On Abortion and Other Issues, An Argument as Old as the Country Itself

Back in June, when the Supreme Court issued its Dobbs decision overturning Roe v. Wade, attention understandably focused on the majority’s view of what the Constitution allows. In their decision, the six justices contended that if the right to an abortion could not be found in the Constitution—or in early American legal precedent—then it doesn’t actually exist. 

This was new ground for the Court, and it raised the specter of a rollback of other personal freedoms Americans have come to take for granted, including the rights to use contraceptives and to gay marriage. In their Dobbs dissent, the Court’s three liberals wrote that those and other rights “are all part of the same constitutional fabric, protecting autonomous decision-making over the most personal of life decisions…” and that as a result of the majority’s reasoning, “all rights that have no history stretching back to the mid-19th century are insecure.”

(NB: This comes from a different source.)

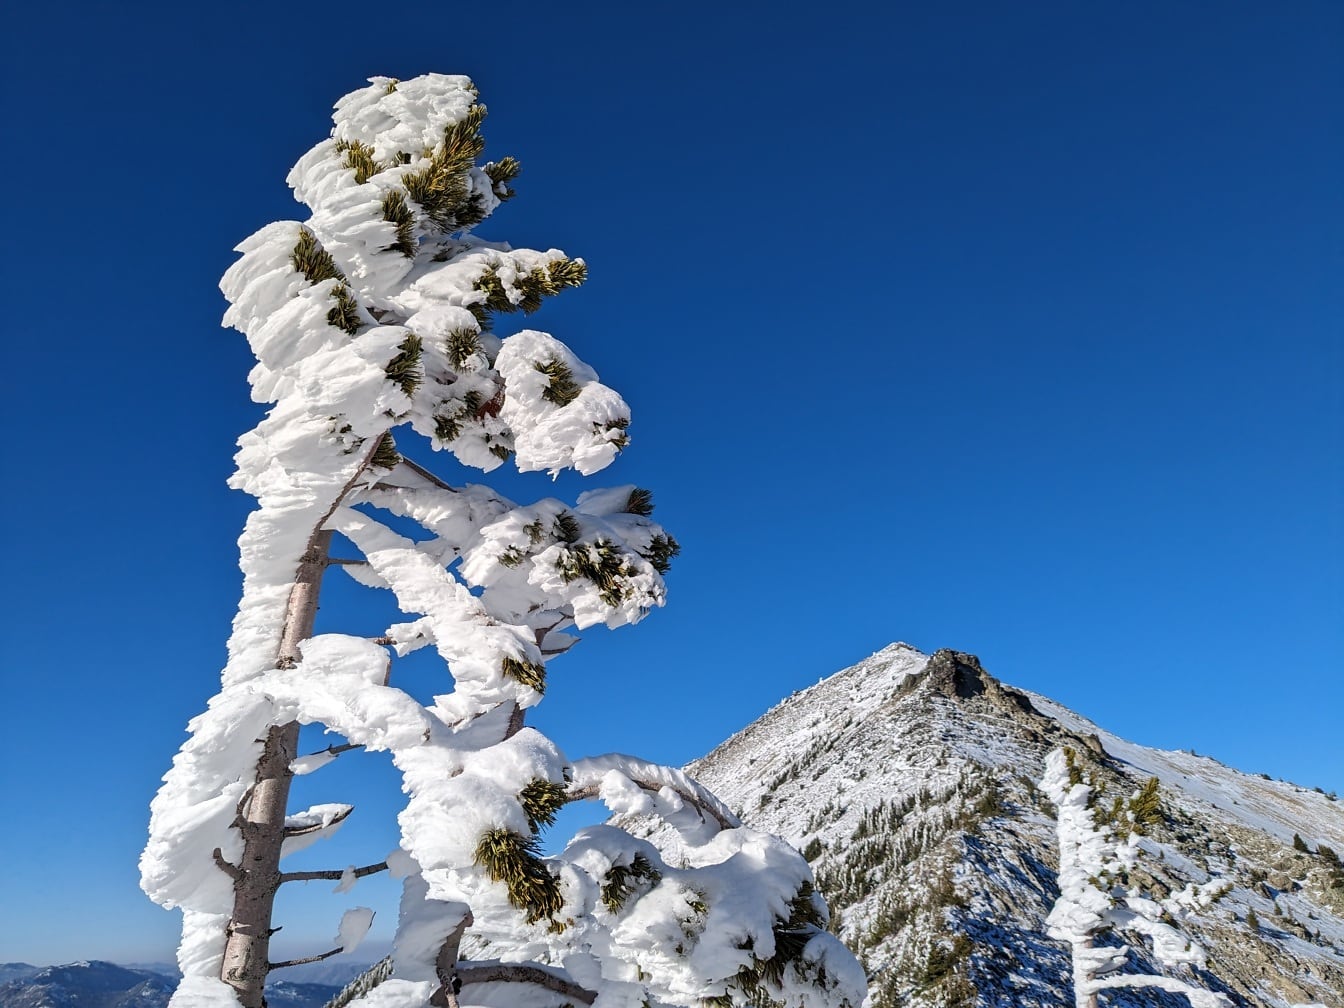 Nadelbaumzweige mit gefrorenem Schnee mit dunkelblauem Himmel als Hintergrund

But while the Dobbs decision may have set a precedent on one front, it is also just the latest salvo in a centuries-long national argument over where ultimate policy-making authority should lie: with the states or at the federal level. Conservatives have long argued that the 1973 Roe decision short-circuited a state-by-state political debate and denied voters the chance to weigh in on the issue. Abortion rights backers countered that a woman’s ability to decide whether to terminate her pregnancy is a fundamental personal decision that should not be subject to the whims of a given state’s political majority. In Dobbs, the Court dismissed that idea and handed power on the abortion question back to the states.

It might be tempting to see this as a reversal of the long trend toward the centralization of power in the federal government, but that would be a mistake—or, at least, premature. For one thing, there’s not much question that if Republicans take control of one or both houses of Congress next year, pro-life forces will try to preempt state prerogatives and pass a national abortion ban. And for another, there are powerful countervailing forces that continue to push in the direction of federal power, especially on economic and environmental issues.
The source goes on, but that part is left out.